When Captain America is on assignment in Serbia she tries out his jogging route, and the rising sun turns the tidal basin pink. She runs by the Jefferson Memorial and the Washington Monument; she heads back up in time to see the Capitol Building shining white at the top of a hill, far enough away that she doesn’t seem to be able to move past it.

She spends the rest of the day in a tub of lavender Epsom Salts, watching House for more medical jargon.

In December she receives an email from Coulson telling her that she isn’t invited to the SHIELD holiday party because Captain America will be present.

In March she discovers her horrifying and disgusting allergies to cherry blossoms, and buys so much Claritin that she’s told that she’ll be put on a watch list.

In May, she’s preparing her nightly check-on-Steve laundry when someone knocks on her door.

It’s Director Fury, bleeding from the head and leaning against the jamb.

“Oh my God,” she opens the door and moves to let him lean on her, but he waves her down.

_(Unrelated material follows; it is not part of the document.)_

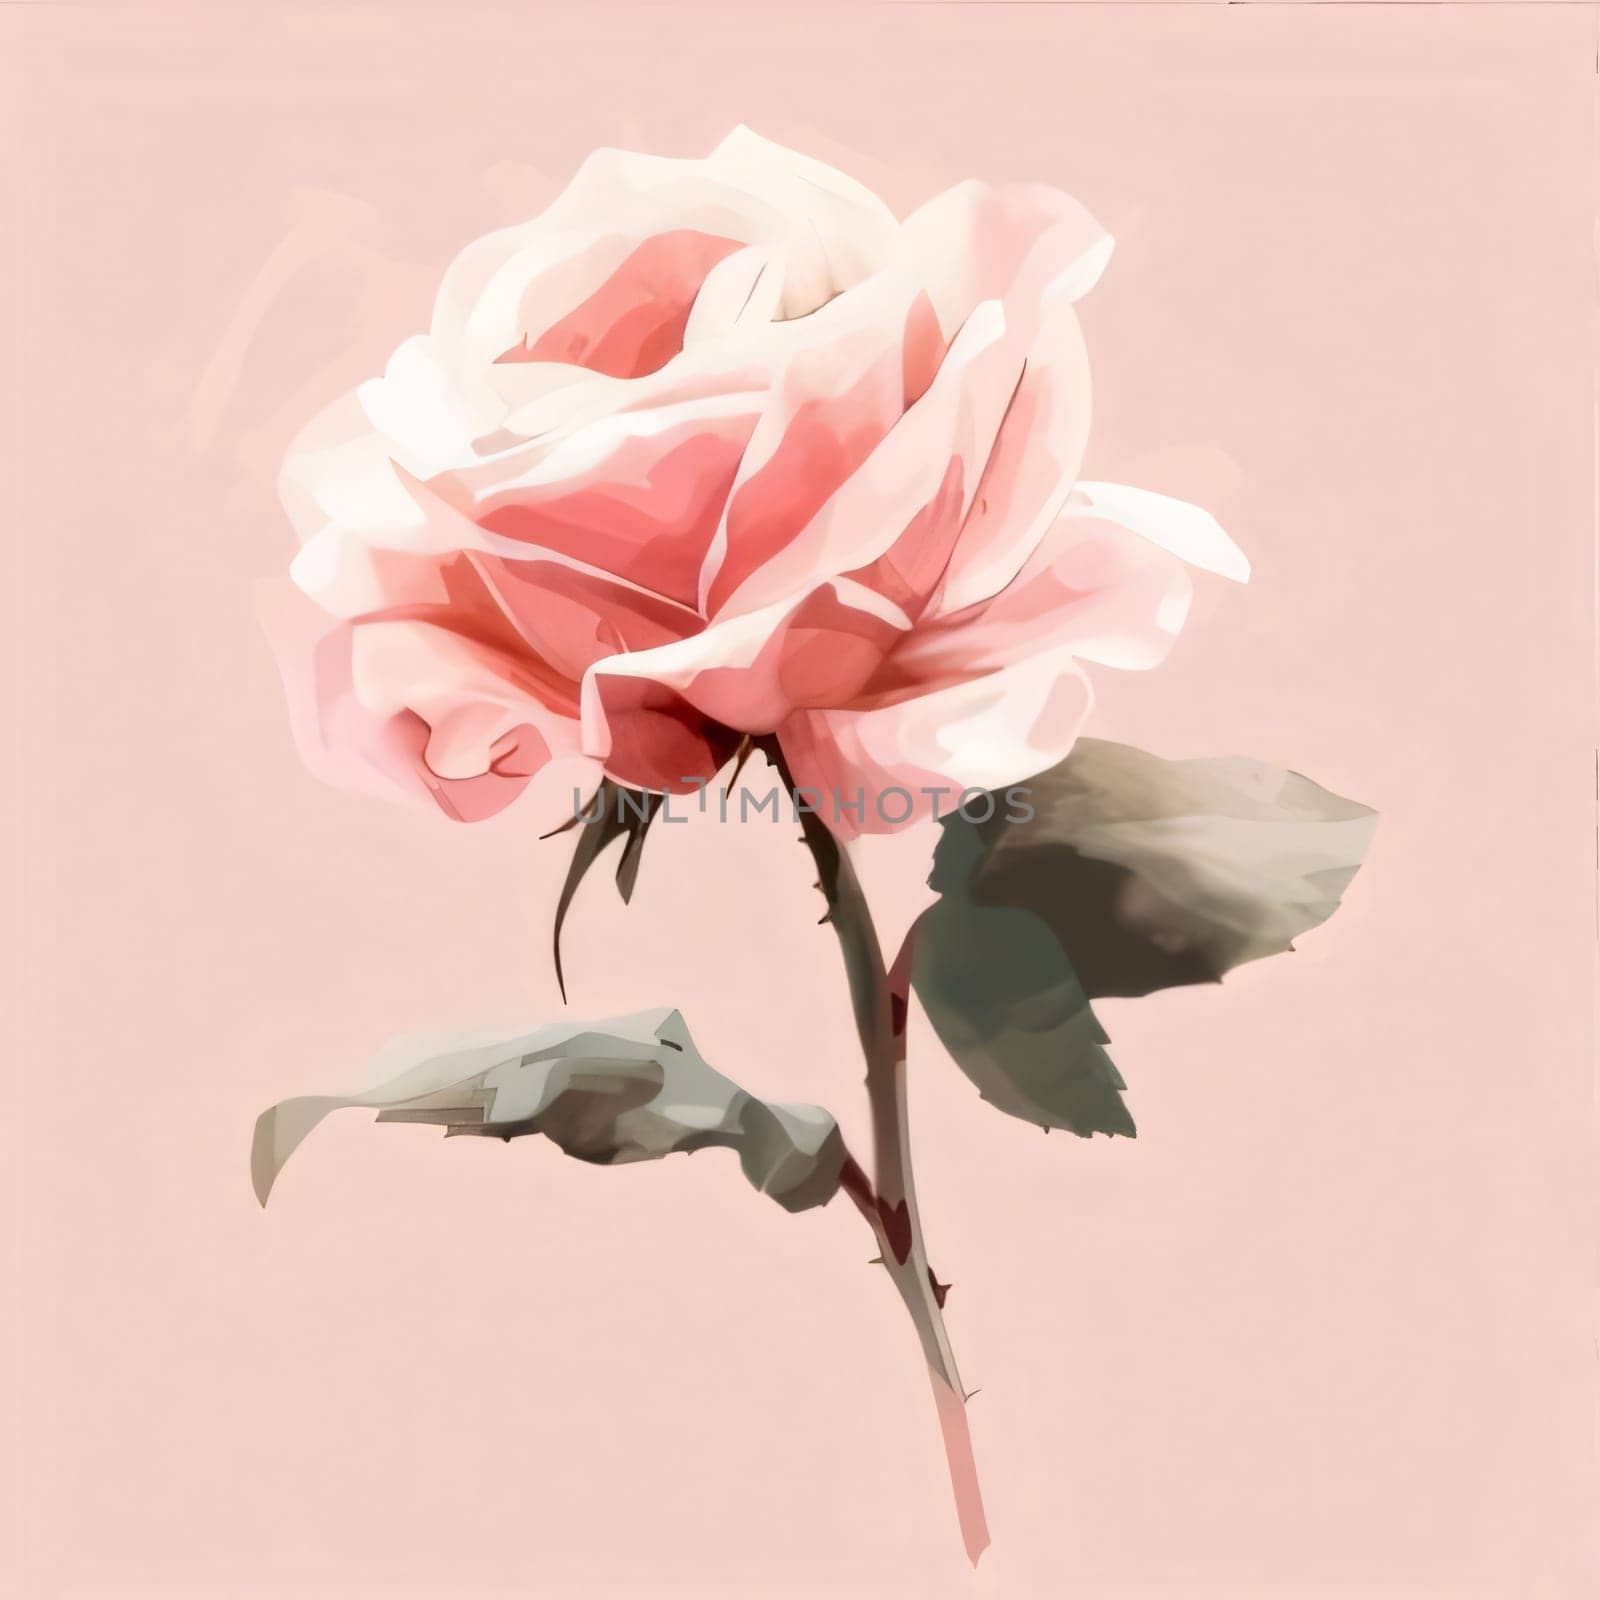 Drawn, painted pink rose on a light background. Flowering flowers, a symbol of spring, new life. by ThemesS
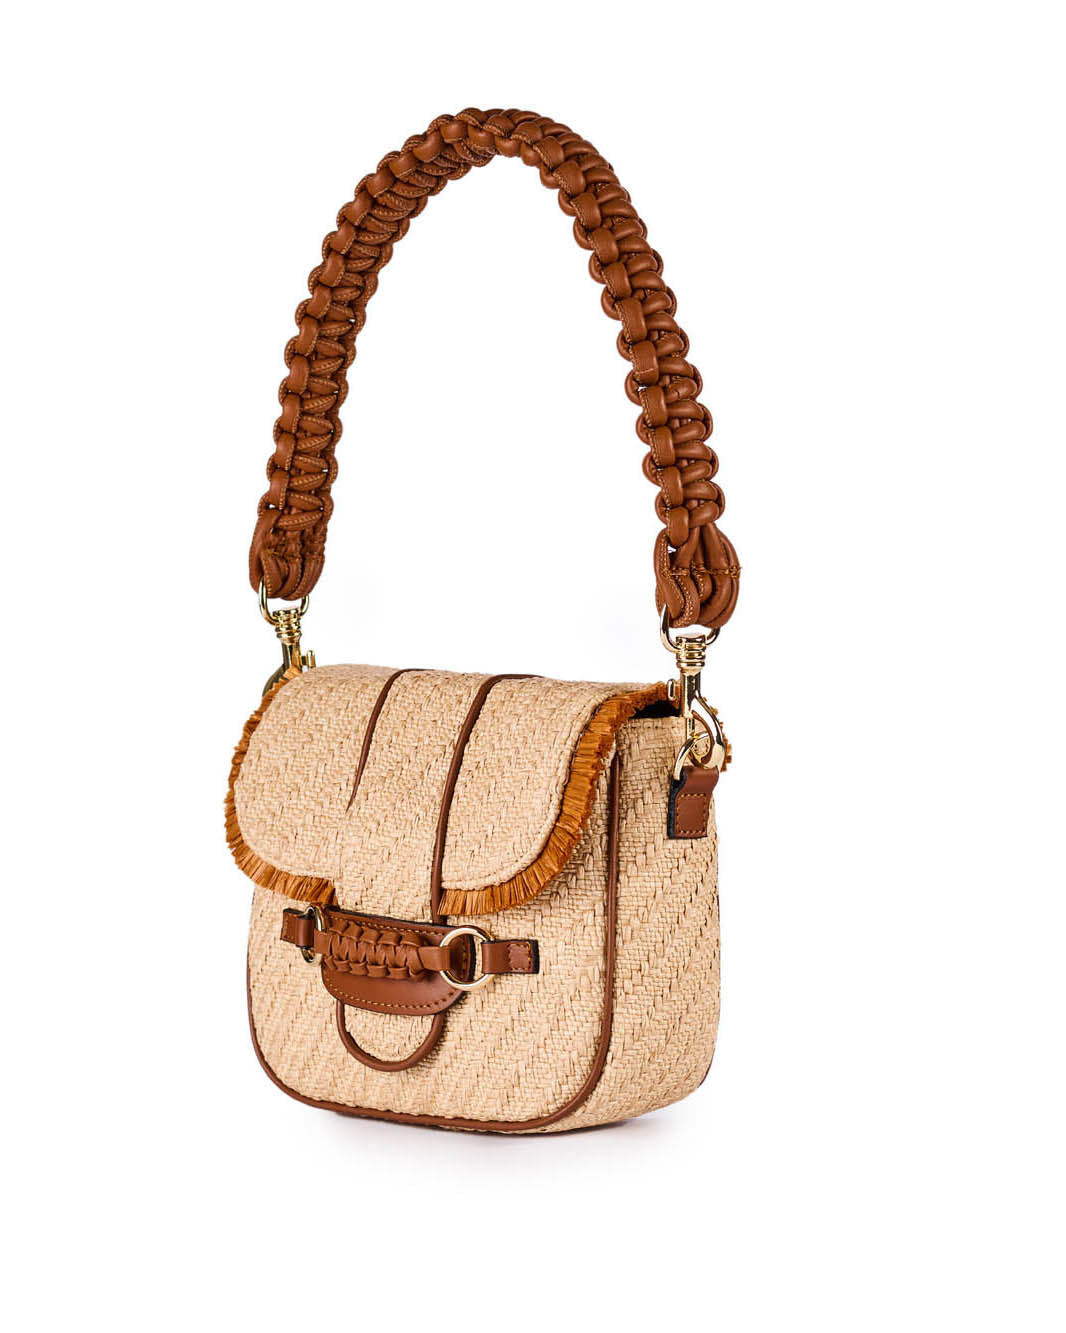 Stylish tan woven handbag with braided leather handle and gold accents

“Not here for you,” he says. “I need your spare key to number four. Give him a heads up when he gets in. ”

As she runs inside to get it, and her gun, from inside the tampon box where she’s stashed them, she does the math and she’s been here a year without ever doing something like her job.

When she shoulders in Captain America’s door she thinks that this is exactly how the twenty-first century has betrayed him; even his neighbors are spies, even people without washing machines can have guns, and the first home he’s had in seventy years is well on its way to becoming a crime scene. 

As she takes Fury's pulse, kicking herself that it's actually in a way she learned on an episode of E.R from 1999, she wonders if there's a even a right team to be on. 

 

 


End file.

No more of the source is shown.